古鑠接過了玉瓶,便準備泡青雲茶。譚士君急忙提醒道:“放十片就可以了。”

“哦哦!”

古鑠取出了十片茶葉開始洗茶,然後沏茶。沸水注入,一股清香撲鼻。給譚士君倒了一杯,然後給自己倒了一杯,端起來飲了一小口,便感覺一股溫涼直衝腦際,整個人都有一種熬夜三天,睡了一大覺醒過來那種感覺。
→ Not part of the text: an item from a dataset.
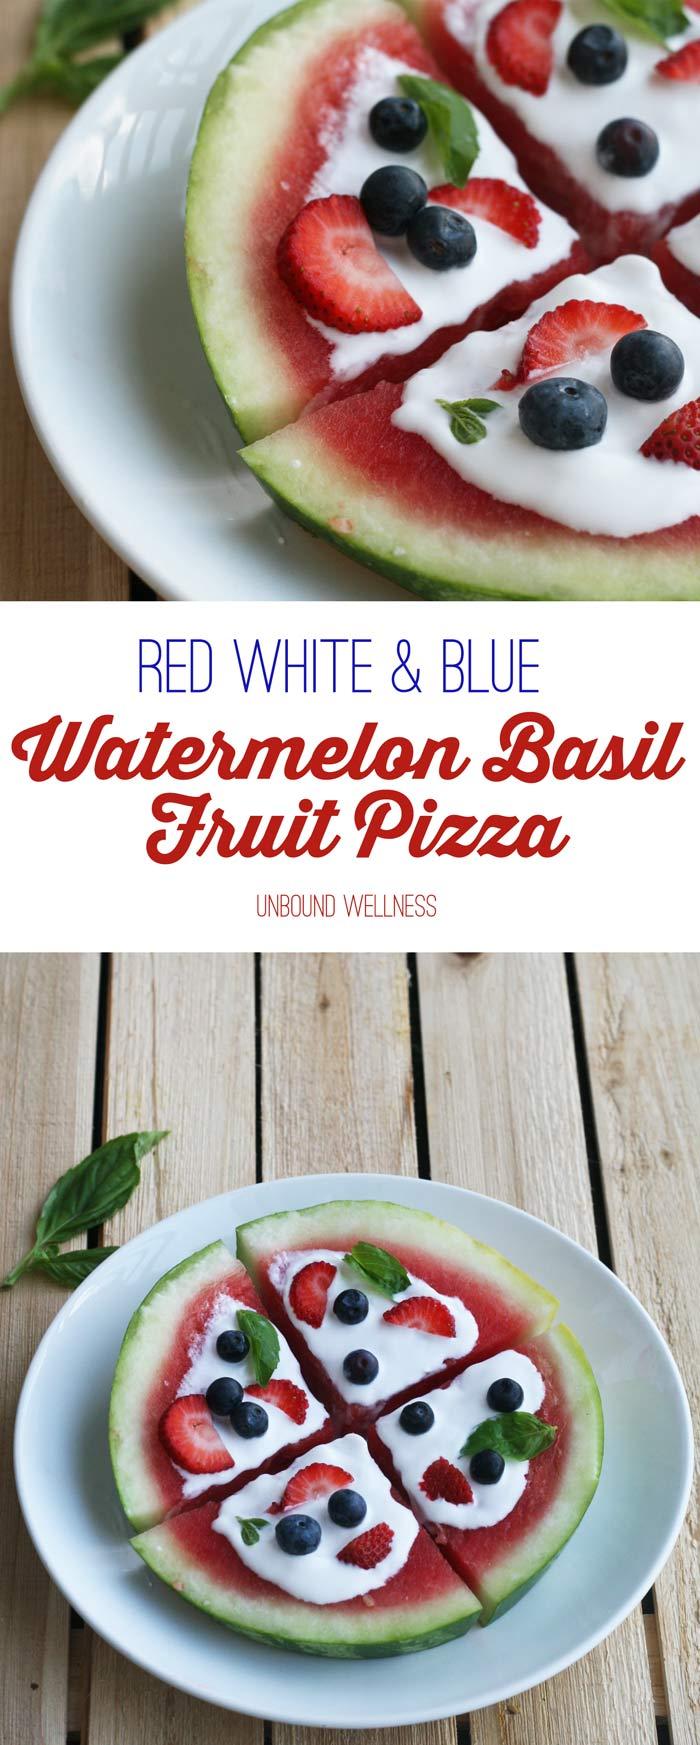 Red White & Blue Watermelon Basil Fruit Pizza (AIP & Vegan)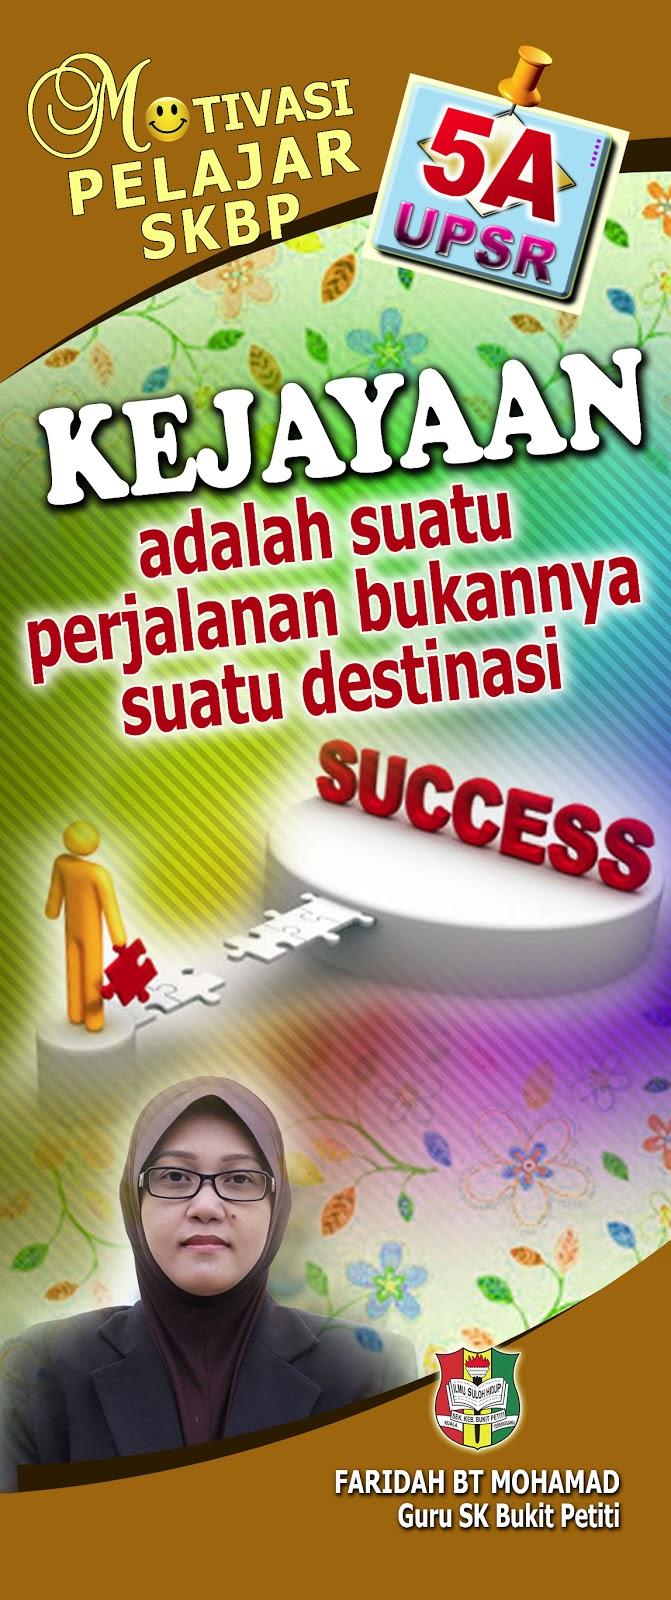 SK BUKIT PETITI  Kuala Terengganu: Banner Motivasi

“青雲茶有凝神醒腦的效果,在閱讀功法和領悟推衍的時候,多少有些幫助。不過幫助效果一般。聽師父說,在中部地區,茶種繁多,師父喝過一種雲霧茶,效果要比青雲茶高出十倍不止。”

說到這裡,眼中現出嚮往之色:“真想去中部看看啊。”

“譚師兄沒有去過中部?”

“沒有!”譚士君遺憾地搖搖頭道:“中部和我們北部的安全通道斷了,以我的修為過不去。只有先去東部或者西部,再去中部。我打算過些日子,出去遊歷一番。希望能夠找到突破金丹的契機。”

“譚師兄要突破金丹了?”

譚士君苦笑道:“境界倒是到了,只是找不到突破的契機,已經三年了。不說我了,說說你。”

“我?”

“嗯,不瞞你說,你的資料都是我收集的,然後送給師父。我對你很瞭解,以你的資質天賦,你怎麼做到一年入仙門,兩年入外門的?”

“宗主沒和你說?”

“沒,倒是和我說你領悟雲勢的方法,我去試過了,有些感觸,但知道距離領悟雲勢差得很遠。”

話落,向古鑠豎起大拇指:“你的悟性是這個!”

“光有悟性有什麼用?”古鑠也苦澀道:“至於我如何這麼快地進入外門,是因為我從觀看魚躍龍門領悟出一種功法,我管它叫做躍龍門……”

古鑠將躍龍門詳細地說了一變,譚士君便有些失望。

這躍龍門不可複製,因為以古鑠現有的境界,總結不出來一種廣泛能用的躍龍門。而且這個躍龍門對他那個境界,真的是雞肋。但還是對古鑠非誠欽佩:

“古師弟,你也不要灰心。以你的悟性,說不定就能夠自己領悟出一種適合你的功法。”

古鑠擺擺手:“師兄,你就別安慰我了,我領悟出一種功法?你自己信嗎?”

譚士君便尷尬道:“不信!”

古鑠便指著他:“你……還真誠實!”

“哈哈哈……”

“轟……”

大地突然震動了一下,放在桌子上的茶杯內的茶水都盪漾得溢位來。譚士君猛然站了起來:

“古師弟,我走了!”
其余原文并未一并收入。